Aging-related alterations of endothelial cells play a central role in the pathogenesis of many chronic human diseases, including but not limited to cardiovascular diseases, sarcopenia, Alzheimer's disease, and tumor progress/metastasis. By elucidating the molecular mechanisms underlying aging-related endothelial dysfunction, new pathways could be revealed for designing novel diagnostic biomarkers and identifying possible therapeutic targets for those common and devastating diseases. Recent evidence from different types of studies ? gene microarray, epidemiologic, and cultured tumor endothelial cells ? strongly indicates that cardiac troponin T (cTnT) is expressed in vascular endothelial cells. cTnT is a known A kinase anchoring protein. We reported recently that it regulates the protein kinase A (PKA) regulatory subunit RI and RII differentially at neuromuscular junction in skeletal muscle of old mouse, indicating and age and tissue type- dependent PKA regulation by cTnT. A kinase anchoring proteins also interact with protein kinase C (PKC). Both PKA and PKC are involved in caspase activation, and these molecules play critical roles in regulating endothelial barrier integrity. The latter is critical for the maintenance of water and protein balance between the intravascular and extravascular compartments. An impairment of endothelial barrier integrity and function (for instance, increased permeability of blood-brain barrier) has been implicated in the genesis and/or progression of a variety of pathological conditions and diseases, including Alzheimer's disease. Our preliminary data revealed that cTnT expression in vascular endothelial cells is higher in old mice than the young, and is associated with higher levels of caspase-3 activation. Given all these evidence, our central hypotheses are that (a) cTnT expression in vascular endothelial cells increases with aging, and (b) this change leads to impaired endothelial barrier integrity through altering PKA/PKC-caspase signaling. In this exploratory R21 application, led by a New Investigator, we propose 3 Specific Aims to test our hypothesis.
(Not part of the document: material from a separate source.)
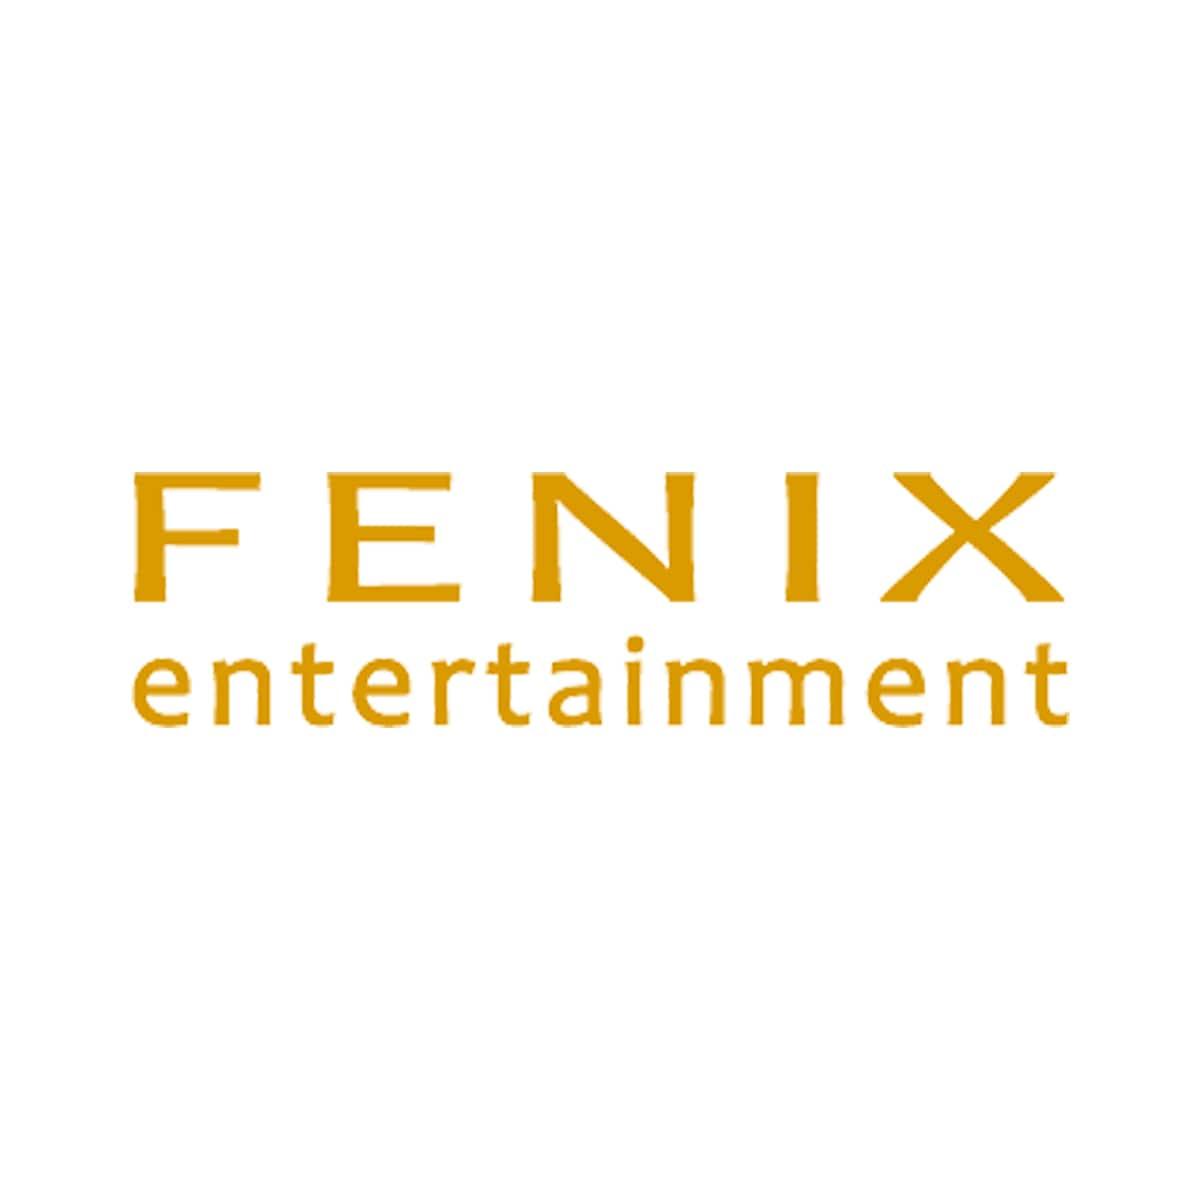 Fenix Entertainment, Borsa Italiana approva passaggio all'AIM Italia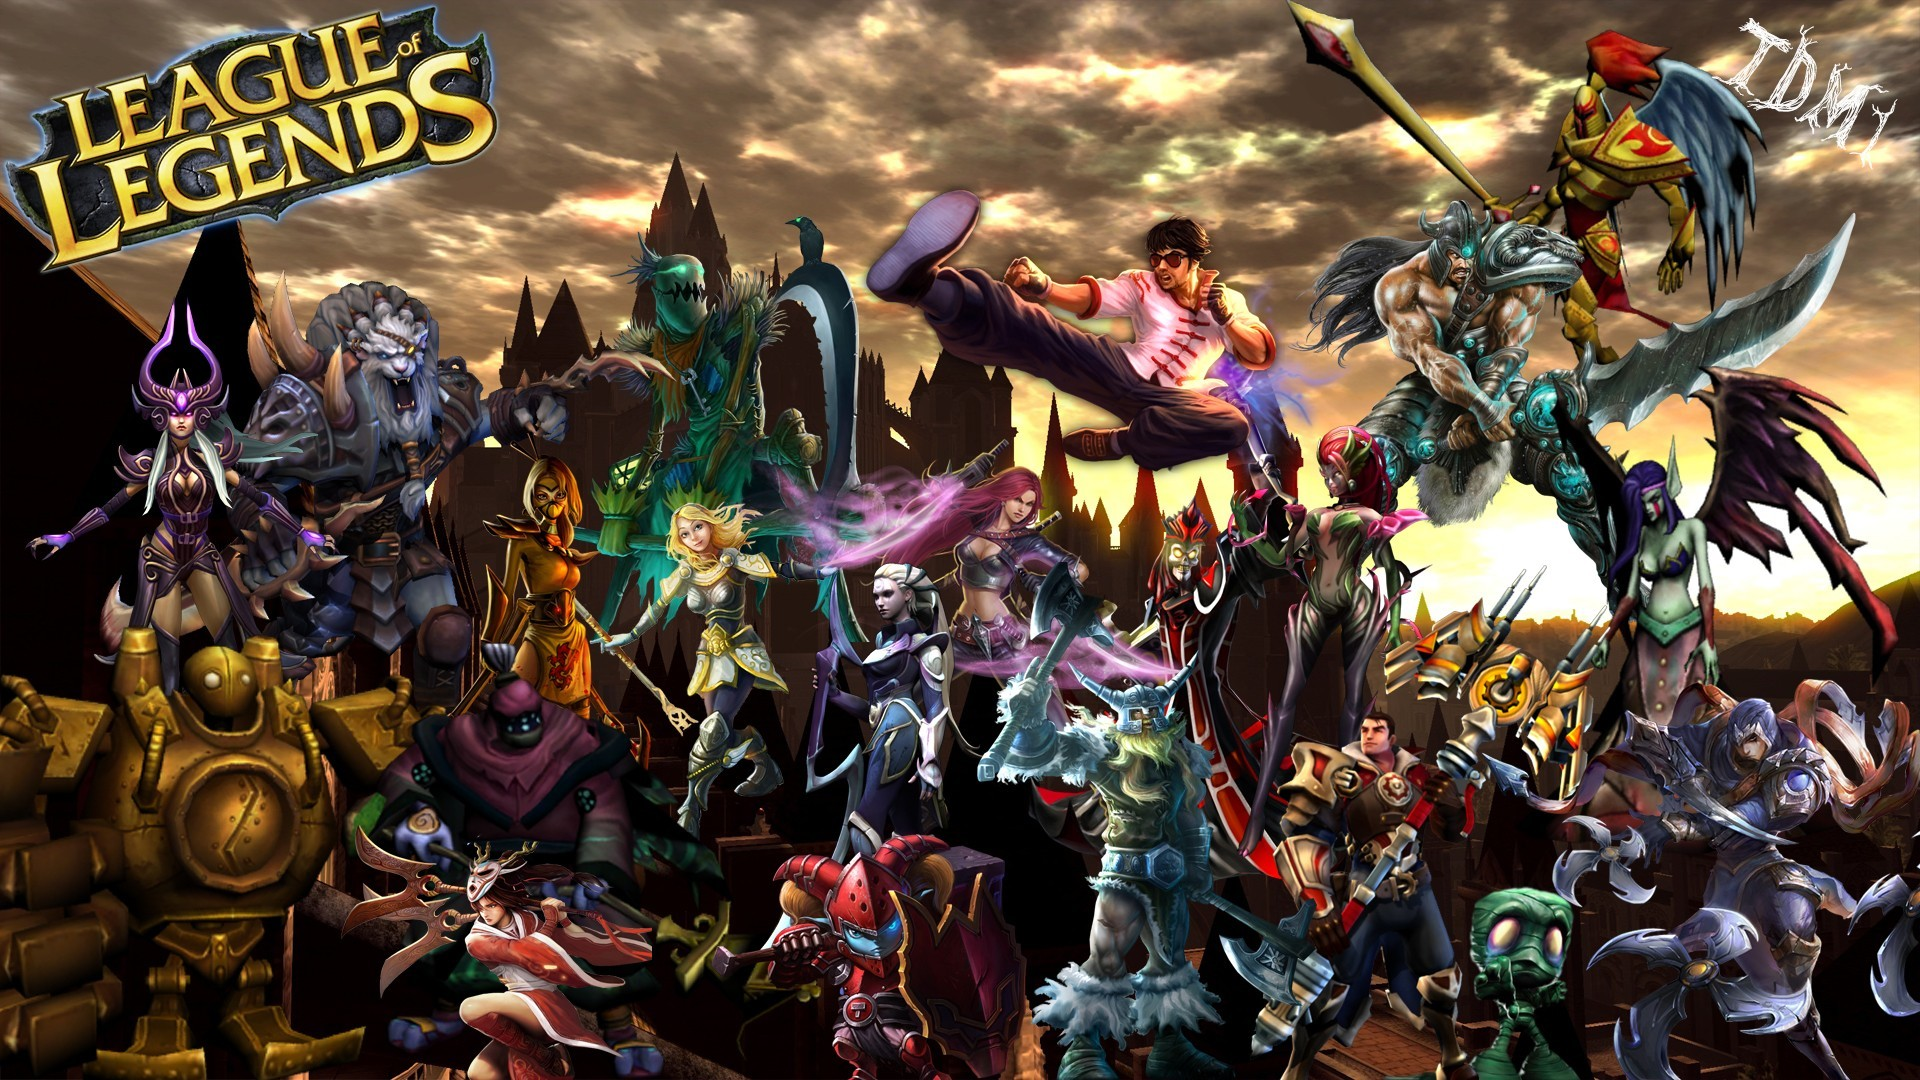 Ultra HD K League Of Legends Wallpapers HD Desktop Backgrounds

Aim 1 seeks to determine if age-dependent change in cTnT is associated with altered PKA, PKC, and caspases in brain vascular endothelial cells.
Aim 2 seeks to determine if cTnT-PKA/PKC-caspase signaling regulates vascular endothelial cell death.
Aim 3 seeks to determine if manipulation of cTnT expression level in brain vascular endothelial cells in vivo can affect integrity of the blood-brain barrier in old mice. This project, conducted by a multidisciplinary team, will be the first to define a role for cTnT in vascular endothelial cell aging. Findings may help provide insights into new molecular mechanisms and possible therapeutic options for Alzheimer's disease and other aging-related chronic diseases.
Aging-related alterations in endothelial cells (which line the blood vessels) play a central role in many chronic human diseases. A better understanding of what causes dysfunction in these cells as people age is needed to discover novel ways to detect and possibly treat those diseases. This project seeks to define the causes of age-related deteriorations in brain vascular endothelial cells, using cultured primary vascular endothelial cells and an animal model of aging, and to develop therapeutic strategies to prevent or reverse these changes.